Panel 4: Logics of Women and Work

Location: Monsanto Room

Time: 2:30pm-3:50pm

Moderator: Dr. Chi-Fang Wu, University of Illinois at Urbana-Champaign

Faculty Speaker:

“Three Models for Compensating Family Caregivers”

Dr. Richard L. Kaplan, College of Law, University of Illinois at Urbana-Champaign

Women make up the vast majority of informal caregivers, almost all of which is provided without charge. Such unpaid care, however, has major implications for the future financial security of these caregivers, especially as societies continue moving to a defined contribution paradigm for funding retirement needs. This paper examines three distinct mechanisms to compensate such caregivers and thereby mitigate the extent of their financial sacrifice.

The first mechanism is publicly funded social insurance that pays informal caregivers, including family members. This mechanism is considered in the context of the 2010 U.S. health reform legislation known as the Affordable Care Act, which included a program along these lines.
The second mechanism is tax incentives to encourage families to pay informal caregivers and thereby leverage private resources with public funds in the form of foregone tax revenues. This mechanism is examined in the context of U.S. tax deductions of medical expenses, which include long-term care services.

The final mechanism is legal contracts to pay informal caregivers for the services they provide as employees of the care receiver through “family caregiver agreements.” These contracts are analyzed in terms of their income tax, public benefits eligibility, retirement financing, and intergenerational wealth transmission implications.

Doctoral Students:

“Does labor formalization impose externalities on informally employed women?: Considering unpaid care”

Lenore Matthew, School of Social Work, University of Illinois at Urbana-Champaign

Across countries of the Global South, upwards of 80 percent of workers are informally employed.
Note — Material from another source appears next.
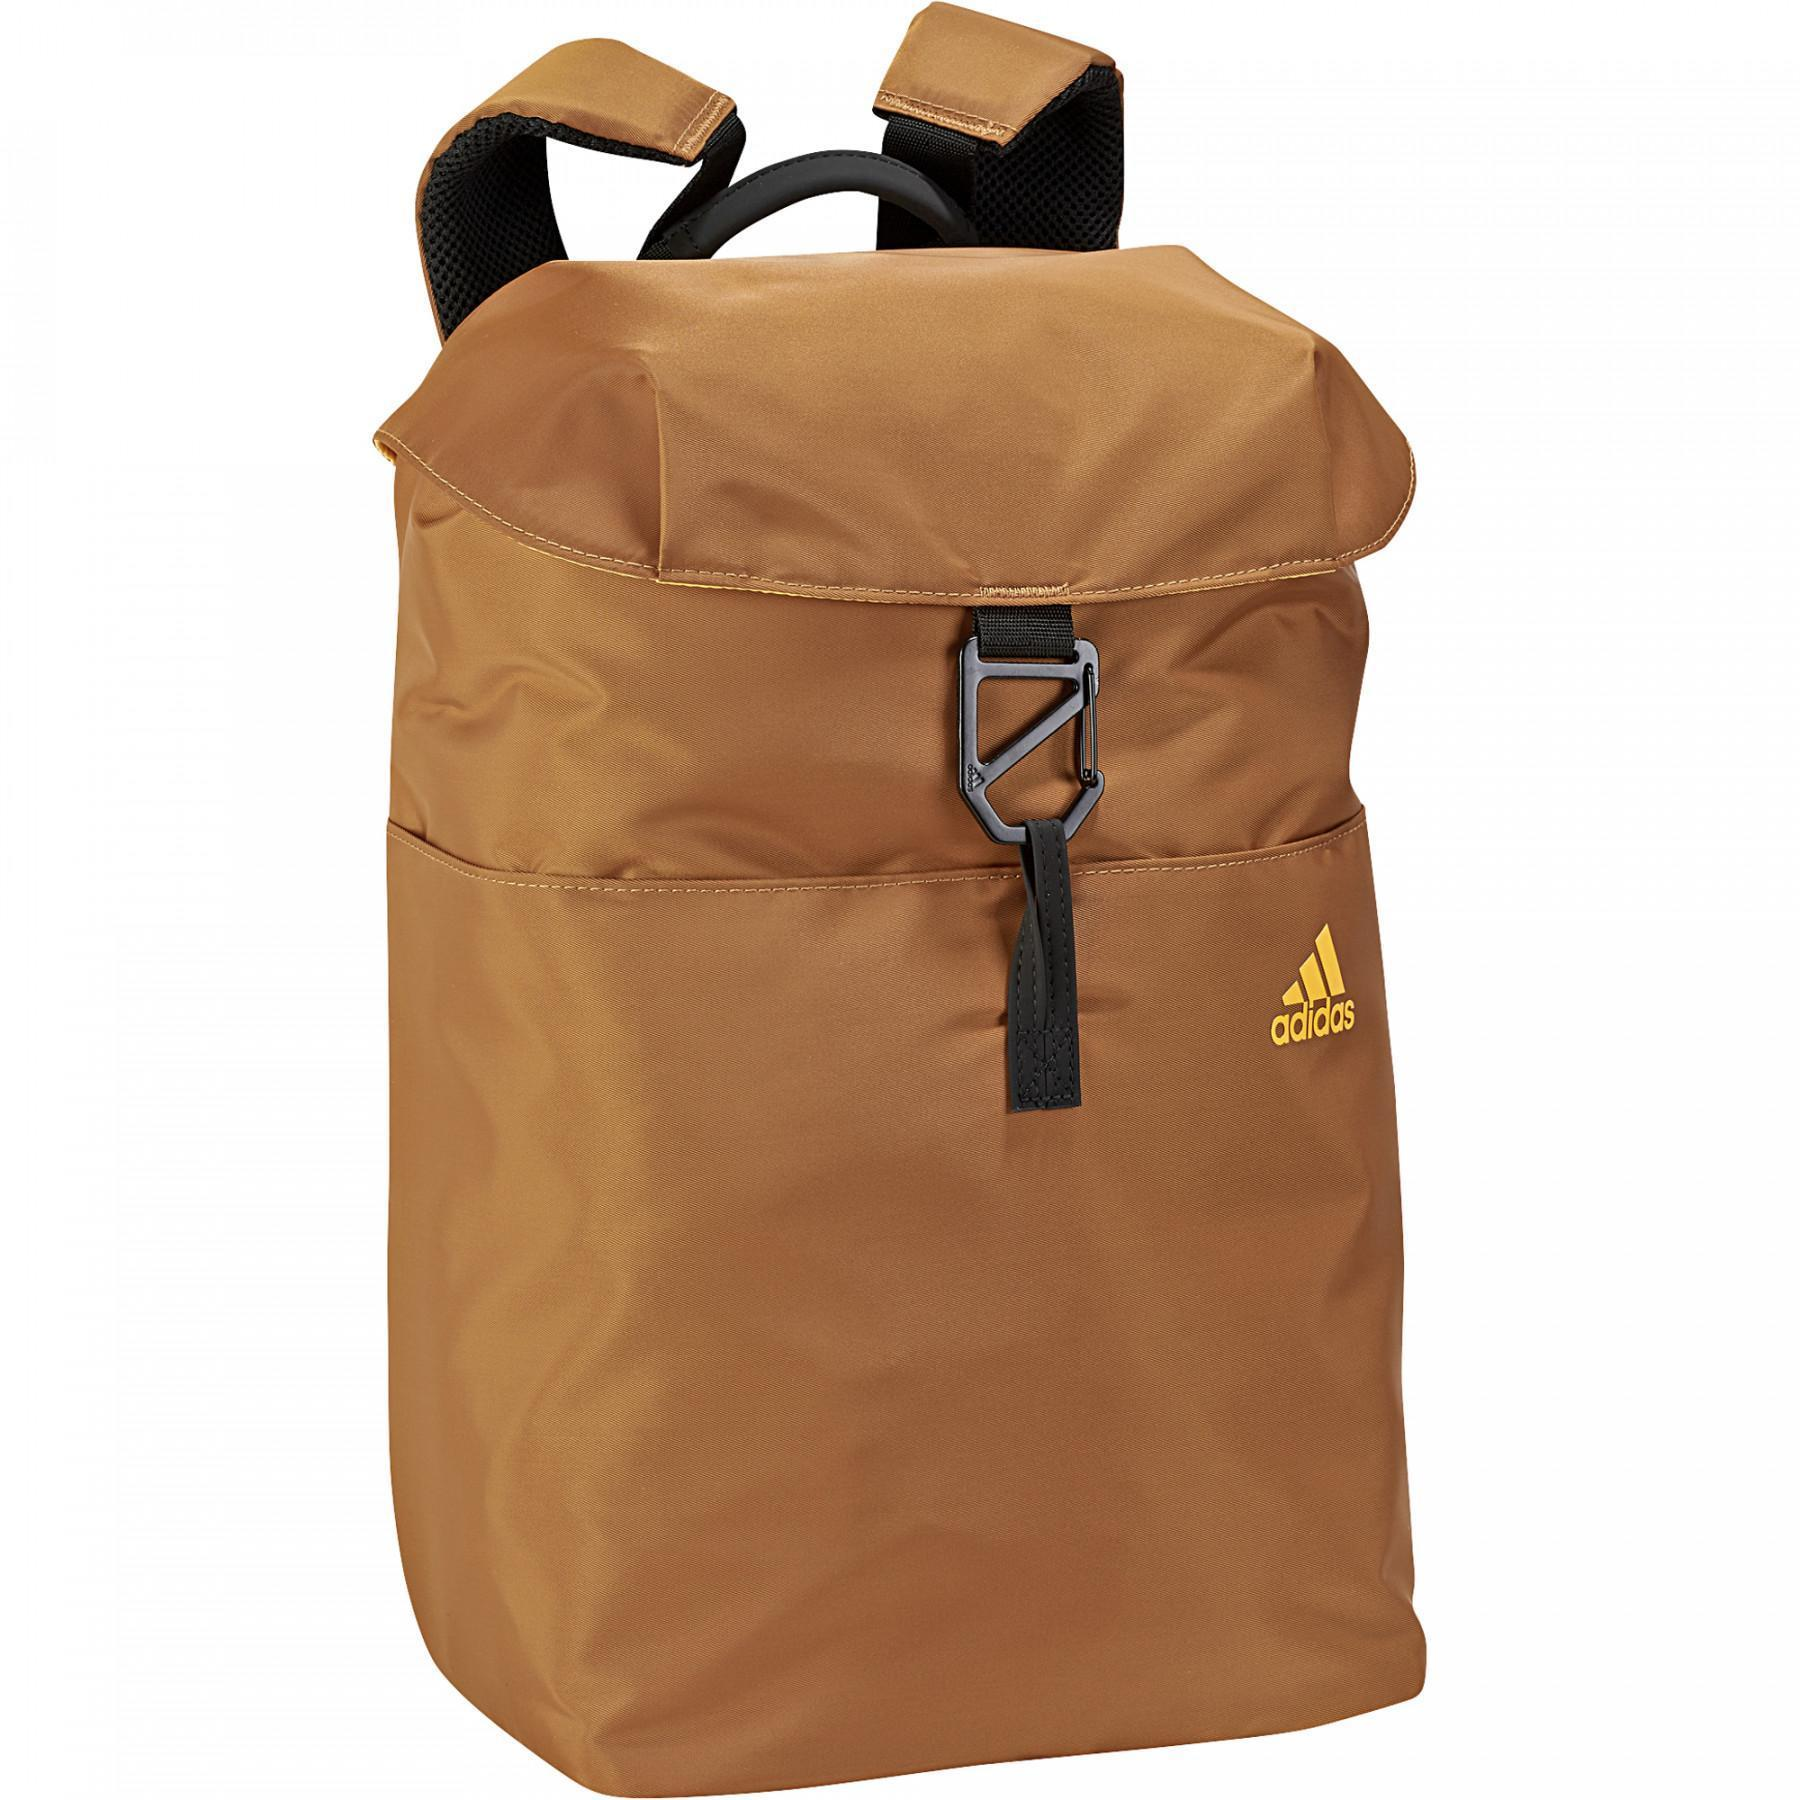 Women's backpack adidas ID Flap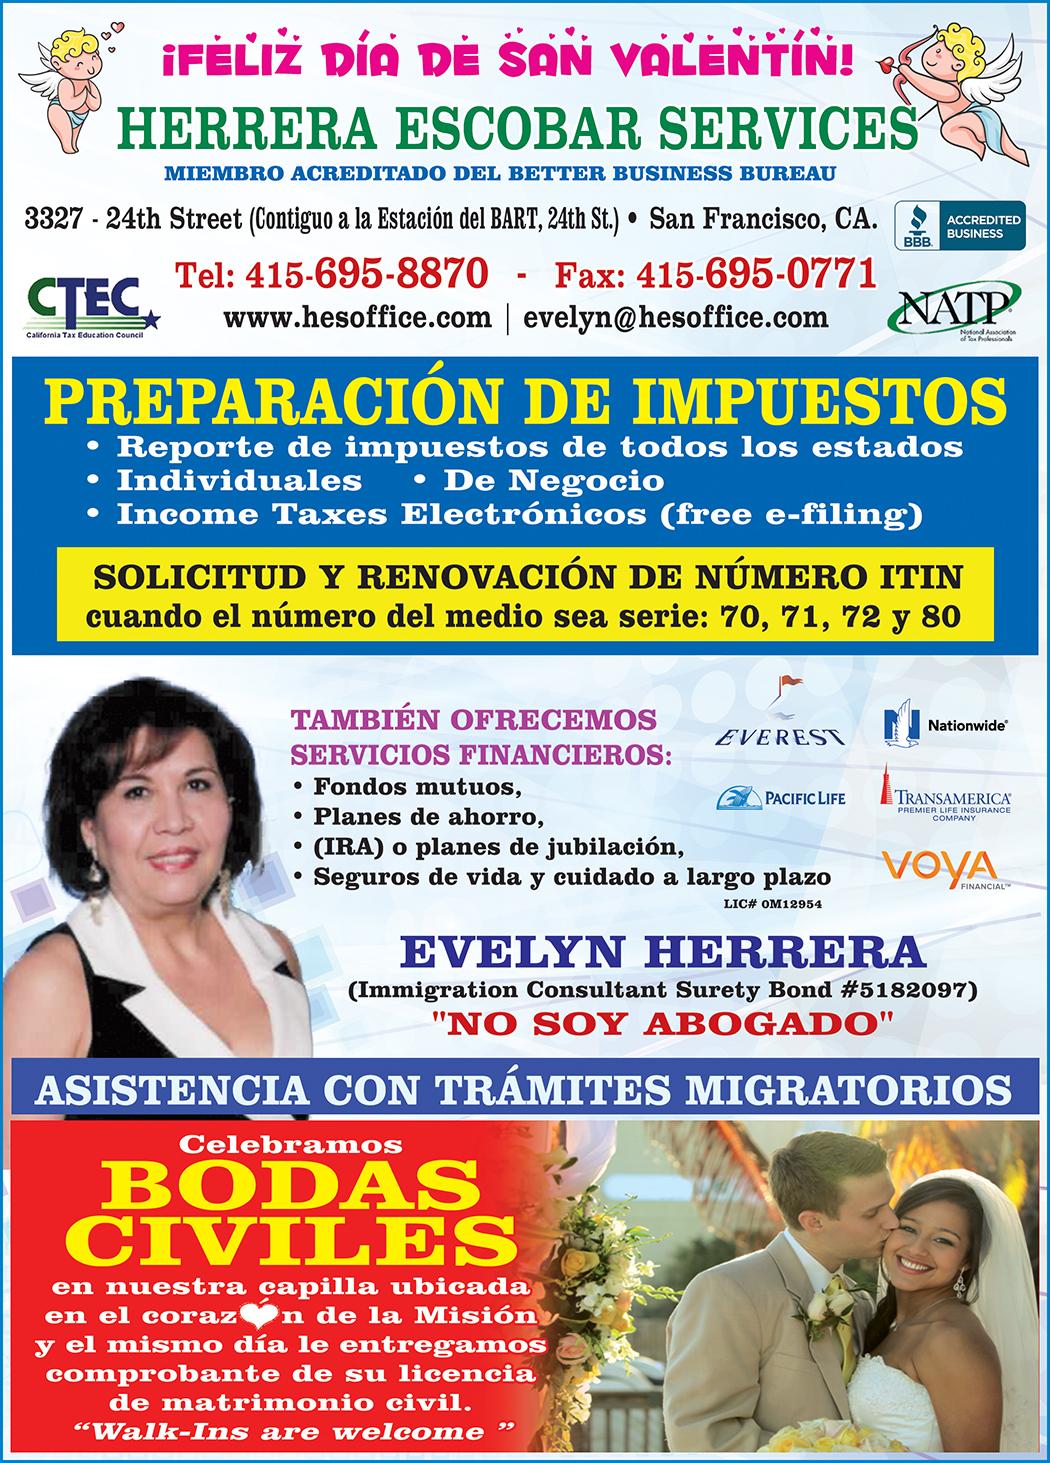 Herrera Escobar 1 Pag - FEBRERO 2018.jpg

Most are poor women. In an effort to regulate informal work, governments are experimenting with labor formalization strategies. Classic economics theory predicts that formalization will improve the livelihood of informal workers, particularly poor females. Such assumptions, however, do not take into account the burden of unpaid care that women disproportionately endure. This article examines dominant assumptions in literature by considering externalities of formalization on female workers. It argues that while formalization stands to improve informally employed women’s socioeconomic well-being, formalization restructures women’s caregiving strategies in a way that imposes financial, time-oriented, and psychosocial costs. These costs may offset benefits of entering the formal sector. If labor formalization is to include—rather than further marginalize—poor women, policies must take the care burden into account. Incorporating caregiving programs into formalization measures may be an effective strategy.

“Breaking Through Barriers: Marketplace Engagement as a Self-Empowering Mechanism among Female Subsistence Entrepreneurs”

Srinivas Venugopal, College of Business, University of Illinois at Urbana-Champaign

Prior work in economics has labeled subsistence entrepreneurship “under-productive” and lacking in “explosive growth”. I submit in this article that subsistence entrepreneurship is a potent mechanism for self-empowerment as a consumer, and as an individual. It is an agentic action on the part of poor women, who are underprivileged on multiple fronts, to transform their own condition. Specifically, I investigate how being engaged in subsistence entrepreneurship transform the individual entrepreneur. I expand the analysis beyond economic outcomes to include outcomes in the form of psychological empowerment and exercise of individual agency. The most important contribution of the research lies in theorizing the process through which marketplace engagement through entrepreneurship could be empowering for women entrepreneurs facing multiple sources of hardship as a consumer.